Under Armour, Inc. (NYSE:UA) reported first-quarter fiscal 2026 results that missed analyst expectations, causing its shares to drop sharply by 13.6% after the company issued a weak outlook that fell well below Wall Street forecasts.
The athletic apparel maker posted adjusted earnings per share of $0.02, slightly under the $0.03 estimate. Revenue declined 4% year over year to $1.1 billion, falling short of the consensus forecast of $1.13 billion. The company’s guidance for the second quarter was particularly disappointing, projecting earnings between $0.01 and $0.02 per share — far below the anticipated $0.26.
“We are pleased our quarterly results met or exceeded our expectations as we drive a bold transformation – sharpening Under Armour into a brand where sports credibility, innovation and style meet operational discipline,” said Kevin Plank, Under Armour’s President and CEO.

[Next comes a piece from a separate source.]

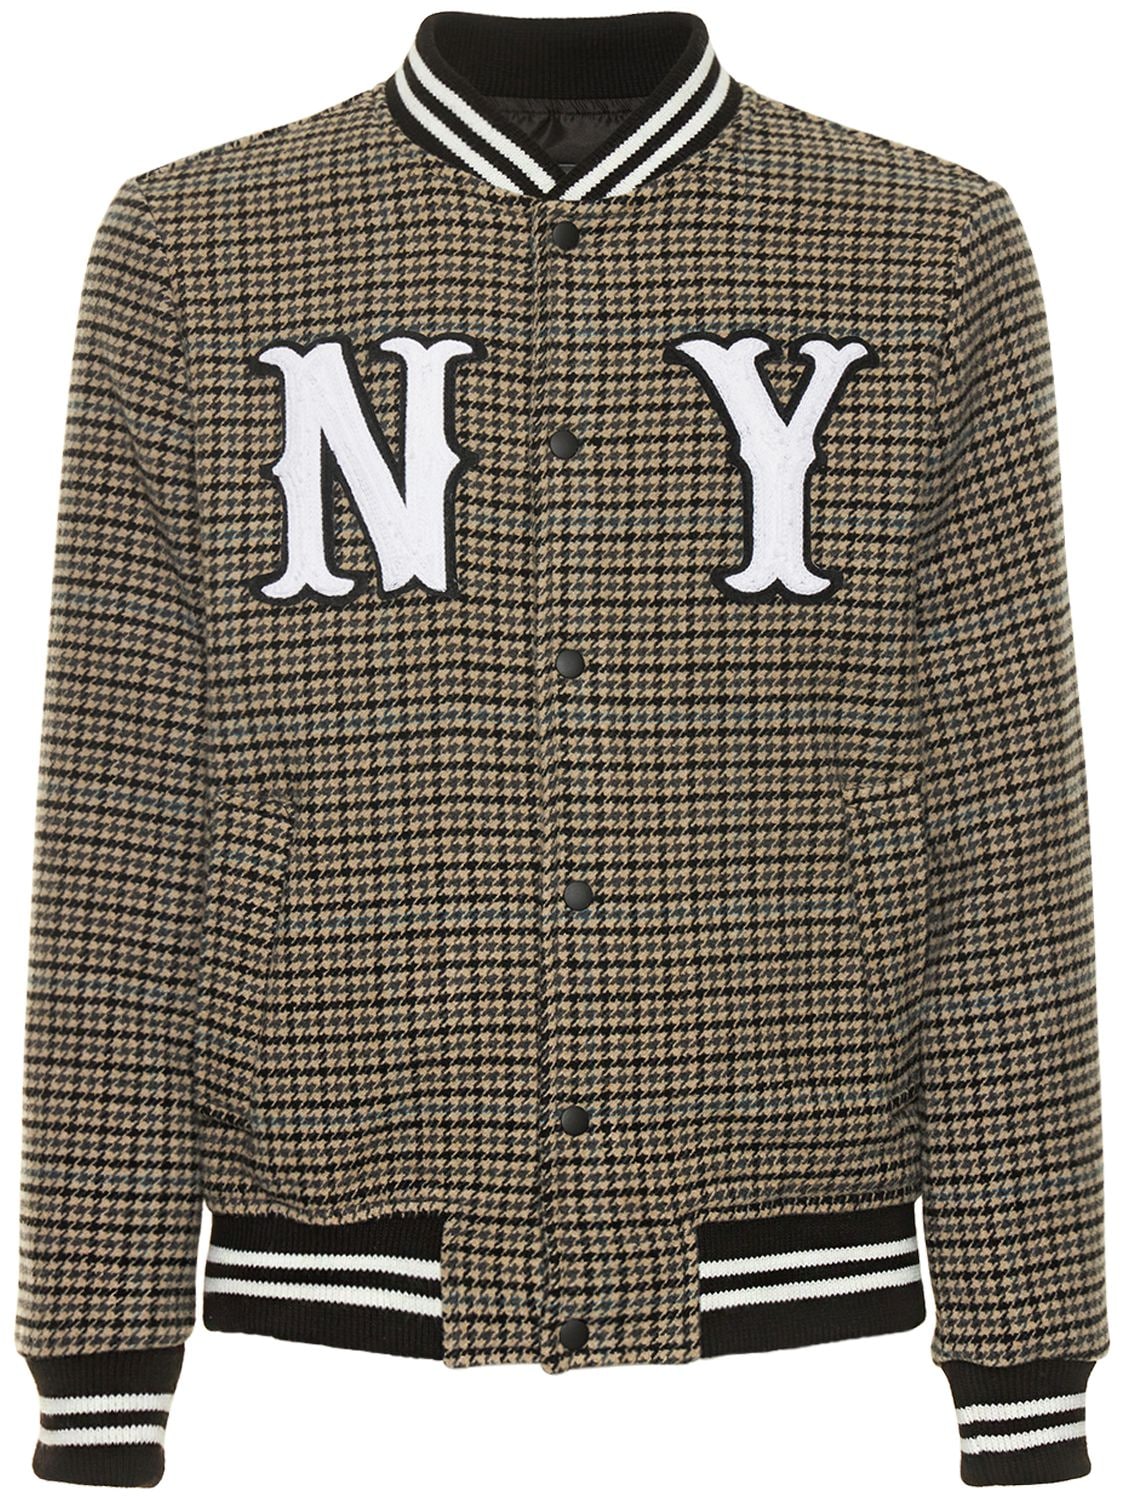 FRONT STREET 8 Wool Blend Varsity Jacket W/ Ny Patches

North American revenue slipped 5% to $670 million, while international sales dipped 1% to $467 million. Footwear sales were hit hardest, falling 14% to $266 million, whereas apparel revenue saw a modest 1% decline to $747 million. Accessories were a bright spot, growing 8% to $100 million.

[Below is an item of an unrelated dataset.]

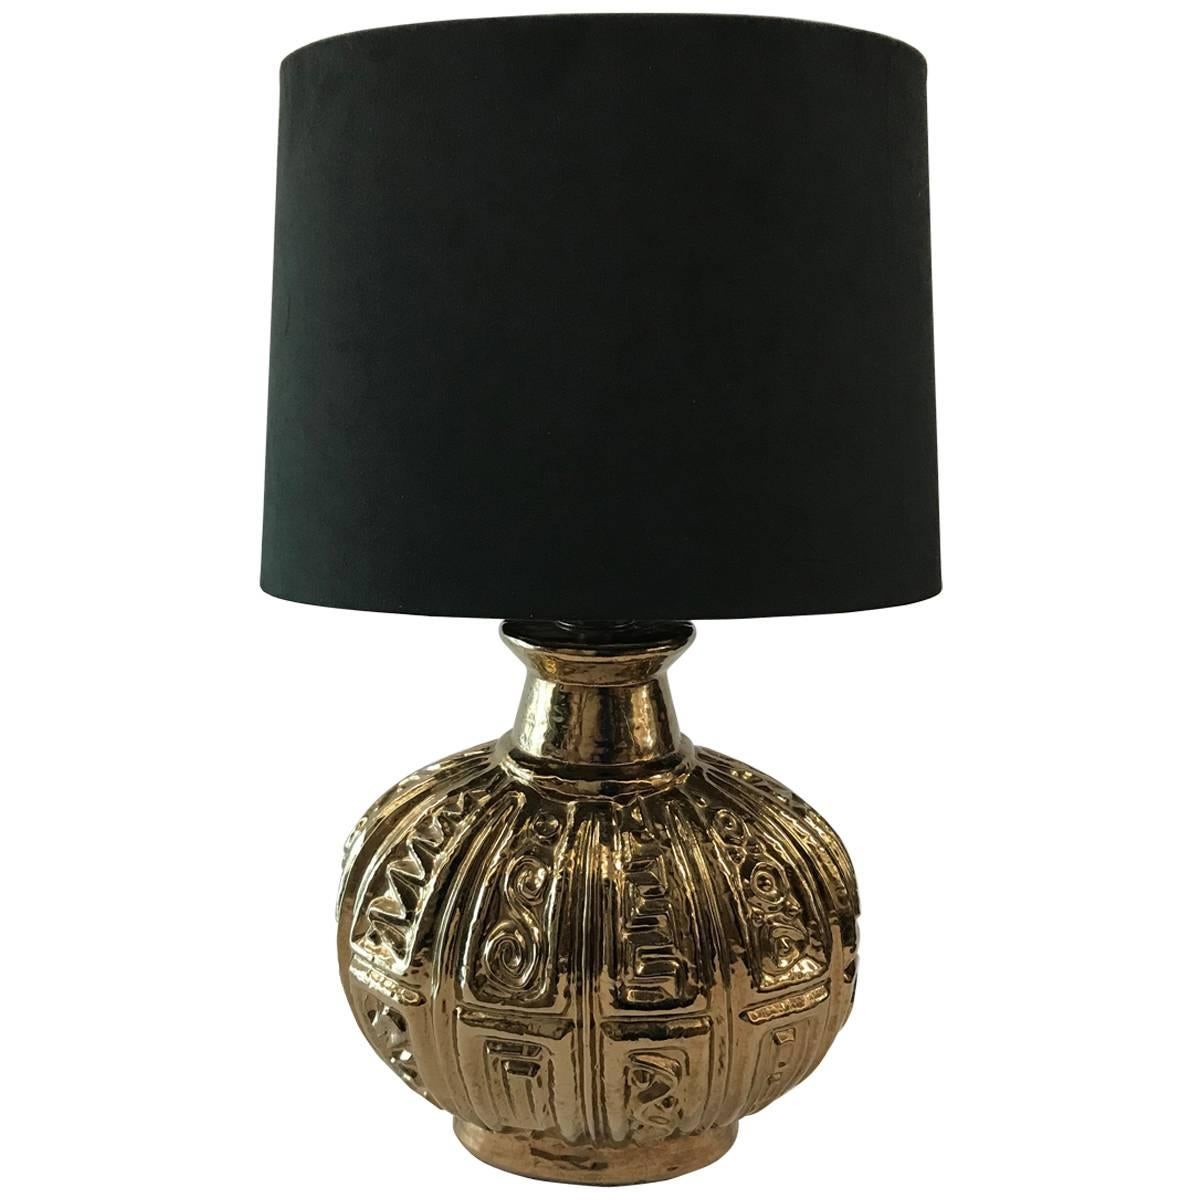 Mid-20th Century American Ceramic Lamp with Custom Brown Suede Shade For Sale

Under Armour’s gross margin improved by 70 basis points to 48.2%, mainly benefiting from favorable currency movements, pricing, and product mix. However, the company expects gross margin to shrink by 340 to 360 basis points in the second quarter, citing supply chain challenges and anticipated tariff effects.
The company is moving forward with a restructuring plan unveiled in May 2024 aimed at boosting financial and operational efficiency. The restructuring is expected to cost between $140 million and $160 million, with $71 million already recognized in charges by the end of Q1.
Looking ahead to Q2, Under Armour forecasts a 6-7% revenue decline, including a mid-to-high single-digit drop in North America and a low-teen percentage fall in Asia-Pacific, partially offset by high-single-digit growth in the EMEA region.